The language industries rely increasingly on the availability of large-scale language resources, appropriate software tools, and standards to make them maximally reusable. However, we are still quite some way from ready availability and complete reusability of corpora and tools. A number of tools for corpus annotation and exploitation have been developed in industry and private research centers, but very few are generally available and/or reusable (or, in particular, applicable to a wide range of languages). Existing methods, such as stochastic methods for corpus annotation, are well-developed for English only, although adaptation to other EU languages is under way.
As for corpora, there exist several international data collection initiatives amassing and distributing large amounts of mainly English-language data (e.g., the ACL Data Collection Initiative and the U.S. Linguistic Data Consortium). In Europe, data collection initiatives such as the European Corpus Initiative (ECI ) and the Multi-Lingual Corpus Collection (MLCC) project have improved the widespread and low-cost availability of corpora comprising texts in a range of EU languages as well as parallel translations. In general, all these initiatives collect whatever data they can acquire, without serious concern for balance or representativeness, and provide only minimal cleanup of the original data.
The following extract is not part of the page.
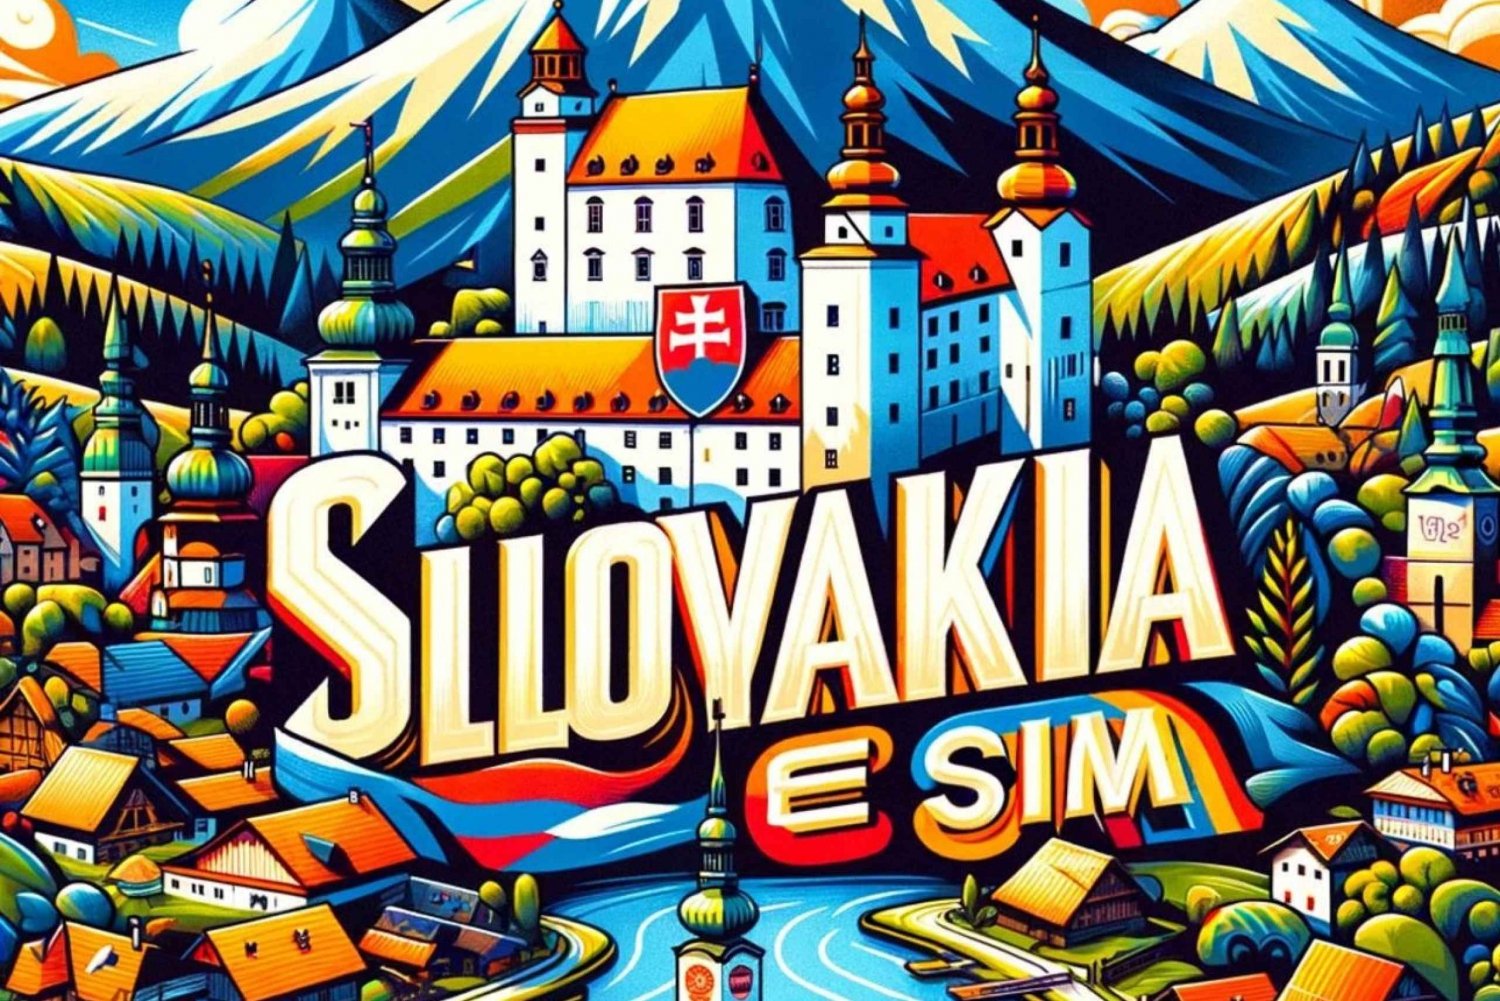 eSIM Slowakei Unbegrenzte Daten

Beyond providing tools and data, it is essential to develop standards in order to maximize their usability and reusability. Efforts to develop encoding standards are under way: the Text Encoding Initiative (TEI ), whose Guidelines for the Encoding and Interchange of Machine-readable Texts were published in May 1994, provides a comprehensive and general set of encoding solutions for texts across a wide range of domains and applications that serve as a basis for such standards. However, the TEI standard needs to be adapted and extended to serve the specific needs of language engineering applications. Efforts to provide standards for software are less well-developed. As a result, there is currently a serious lack of generally usable tools to manipulate and analyze text corpora that are widely available for research, especially for multilingual applications.
A number of recent efforts have been initiated to develop reliable, reusable resources and tools for EU languages, and significant headway is being made to enable their widespread availability. However, there have been no comparable efforts for the languages of Central and Eastern European (CEE). No large-scale, systematic attempts at corpus collection currently exist (in particular for multilingual, parallel corpora in these languages), and tools specifically adapted to corpora in CEE languages are not freely available.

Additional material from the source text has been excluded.